I set up a fresh spreadsheet—I know, old school, but it works—and went month by month, jotting down the prediction summary for Virgos. It looked something like this:
- January: Focus on networking, slow start.
- February: Minor budget stress.
- … (Skipping the boring parts)
- July: High stress, but major skill building.
- August: A financial opportunity appears.
- September: The article claimed this was the month the “big shift” would start to form.
Then I got to the grand finale. The article officially declared October 2020 as the Biggest Surprise Month. The description was vague, of course, talking about “unexpected opportunities that redefine long-term stability” and “a shift in leadership dynamics.” Standard horoscope jargon, but the claim was set: October was the date.
Verifying the Octobers of 2020
Okay, now for the actual practice: verifying the data. I don’t rely on astrology myself, but I keep detailed records of my friends’ professional lives—with their permission, naturally—because I sometimes help them with career planning. I knew I had two close Virgo friends (let’s call them V1 and V2) who kept detailed logs of their professional ups and downs in 2020.
I reached out to V1 and V2 and told them exactly what I was doing. They laughed, but they were game. I asked them to pull up their journals or career trackers for the period of September and October 2020. I told them to look specifically for “unexpected opportunities” or a “redefining moment.”
The results were fascinatingly chaotic.
V1’s Documentation: V1, who works in logistics, had a genuinely messy October. They documented a major project collapse (the opposite of an opportunity) that resulted in them being reassigned to a different department, which they hated. However, in November, that reassignment led to a new, better manager and a massive pay bump. So, the ‘surprise’ was late, and October was actually just a painful pivot point. I logged V1’s actual surprise month as November.
V2’s Documentation: V2, who is in graphic design, had a relatively quiet October. Nothing major changed. They did document a big shift—getting headhunted for a completely remote role—but that happened in March 2020, right when the pandemic really kicked off. That was definitely the “biggest surprise,” but it was way off the horoscope’s mark. I documented V2’s surprise month as March.

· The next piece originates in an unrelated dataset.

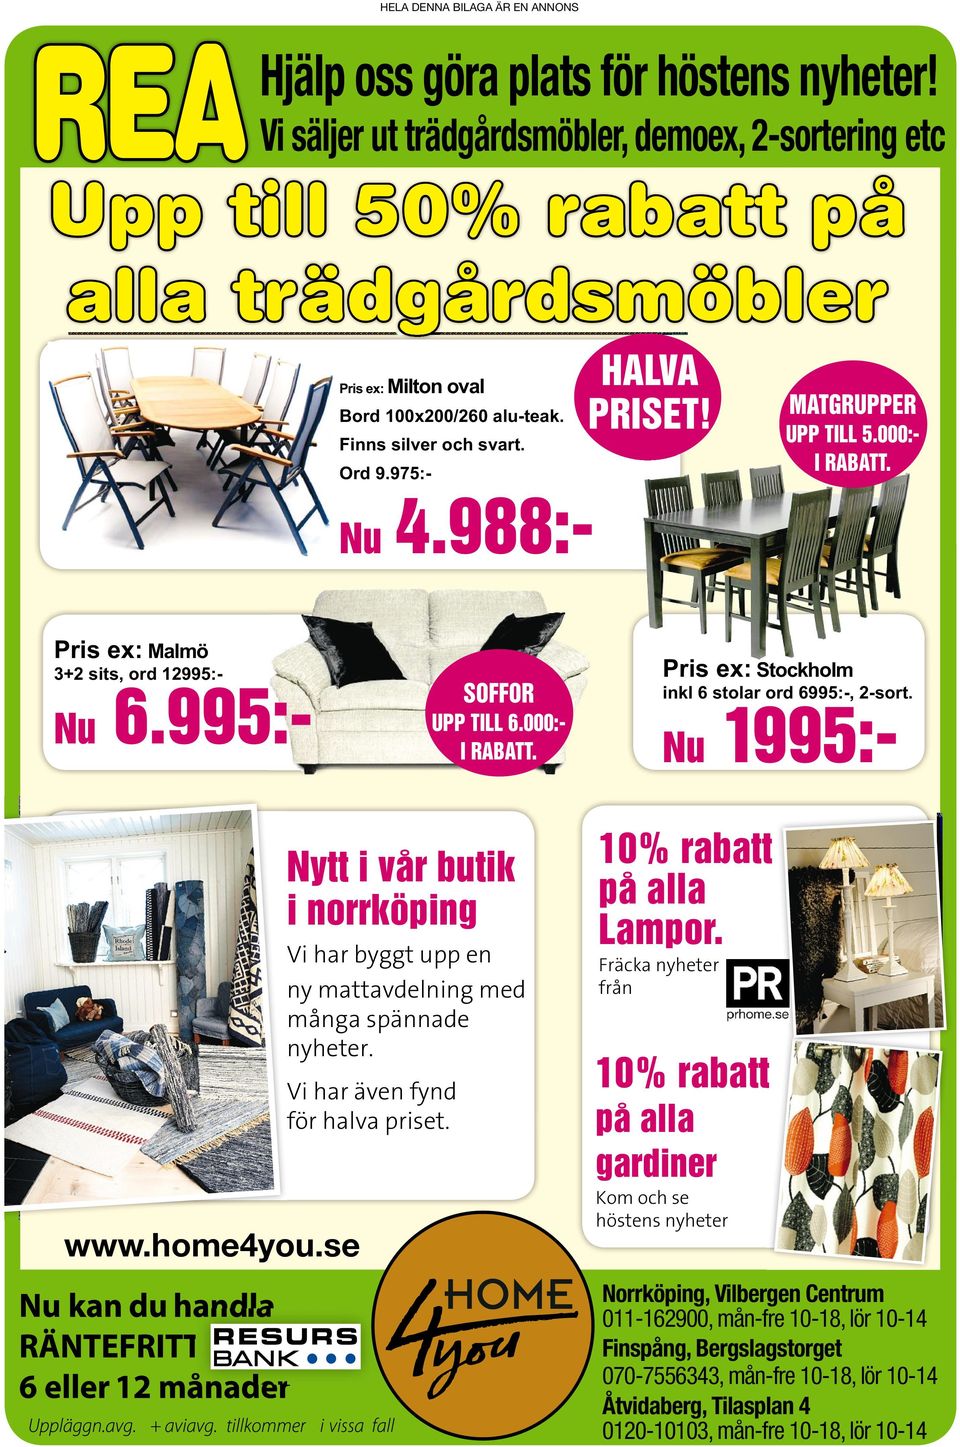 Nu 1995:- www.home4you.se Nytt ivår butik inorrköping Vi har byggt upp en ny mattavdelning med många spännade nyheter. Vi har även fynd för halva priset. 10% rabatt på alla Lampor.

Final Documentation and Tally
I looked at the results and just shook my head. The amount of effort I had to put in just to retrieve and then compare this prediction was ridiculous. I spent three hours tracking down a flimsy article, and then another hour cross-referencing it with real human documentation.

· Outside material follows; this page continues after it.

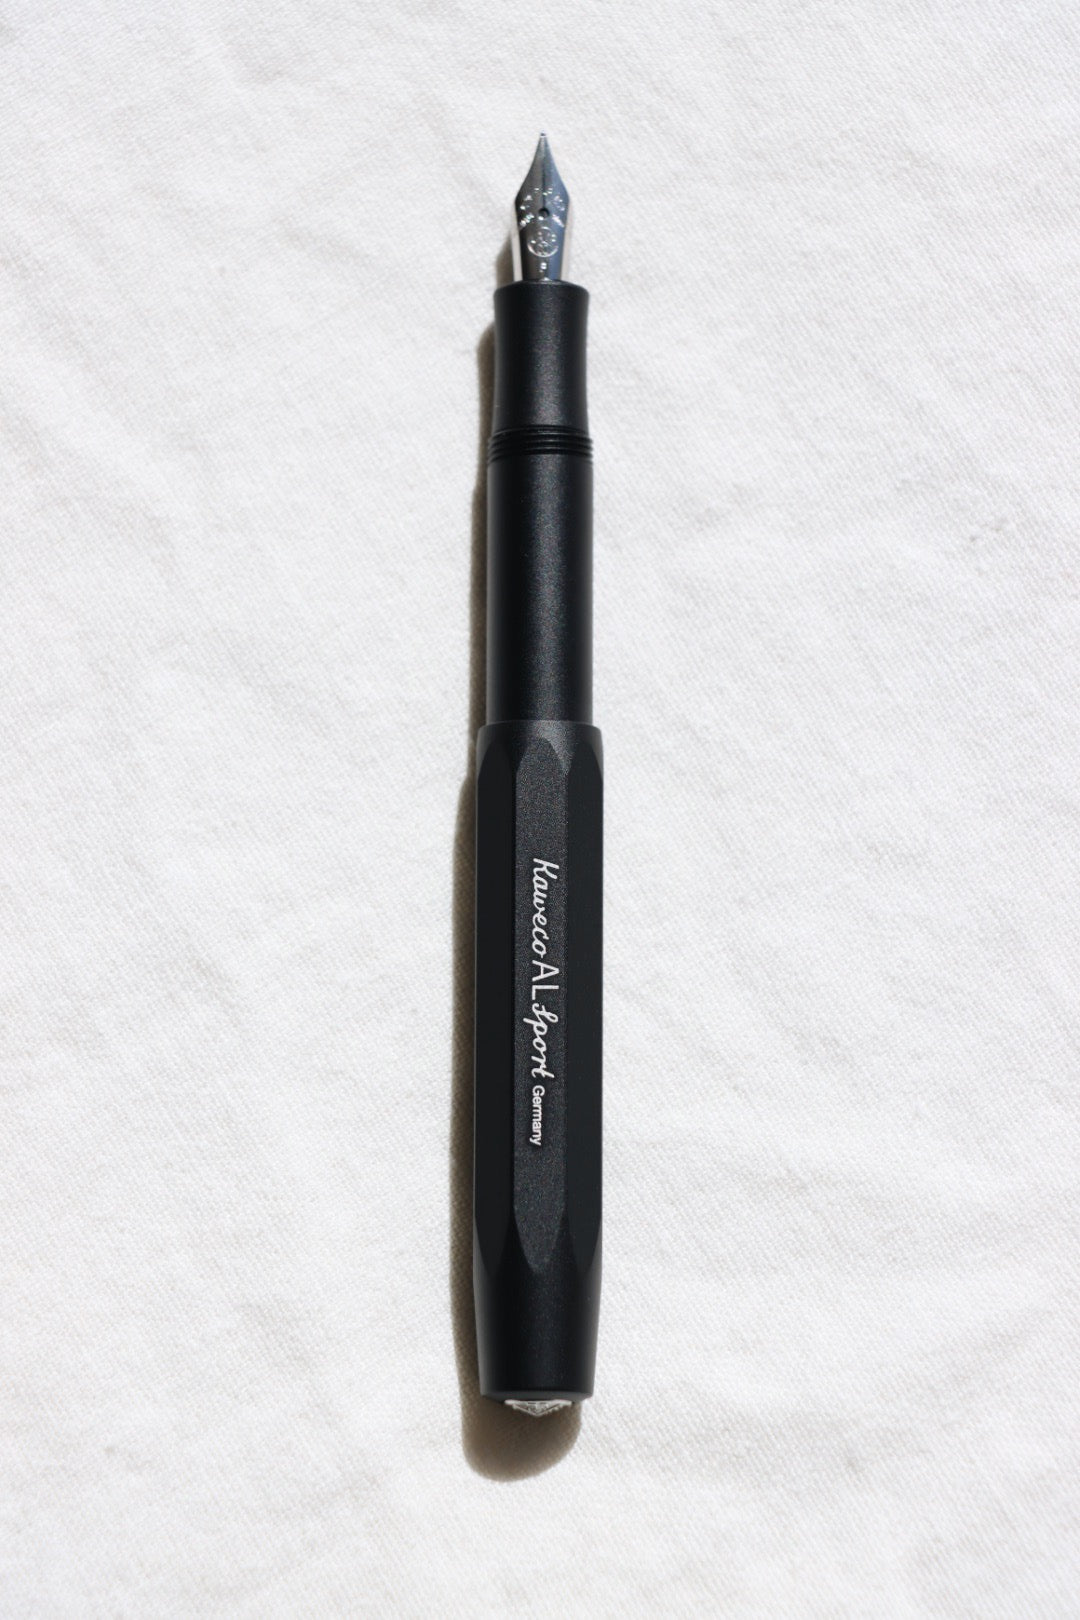 Bermad Waarschijnlijk Wissen Kaweco AL Sport Fountain Pen, Black Aluminum

What did I learn? That old internet content is a pain to retrieve, and even when you track down specific, archived claims, they rarely align perfectly with reality. The practice wasn’t about proving astrology right or wrong; it was about systematically testing a public prediction against private documentation. The process itself—the retrieval, filtering, extraction, and comparison—was the valuable part.
I finalized the practice documentation, noting that for my two test subjects, the predicted “Biggest Surprise Month” of October 2020 was either late by a month or completely missed the actual major career disruption that happened seven months earlier. The whole experience just reinforced my belief: keep your own records, folks. Don’t trust the stars; trust your spreadsheet.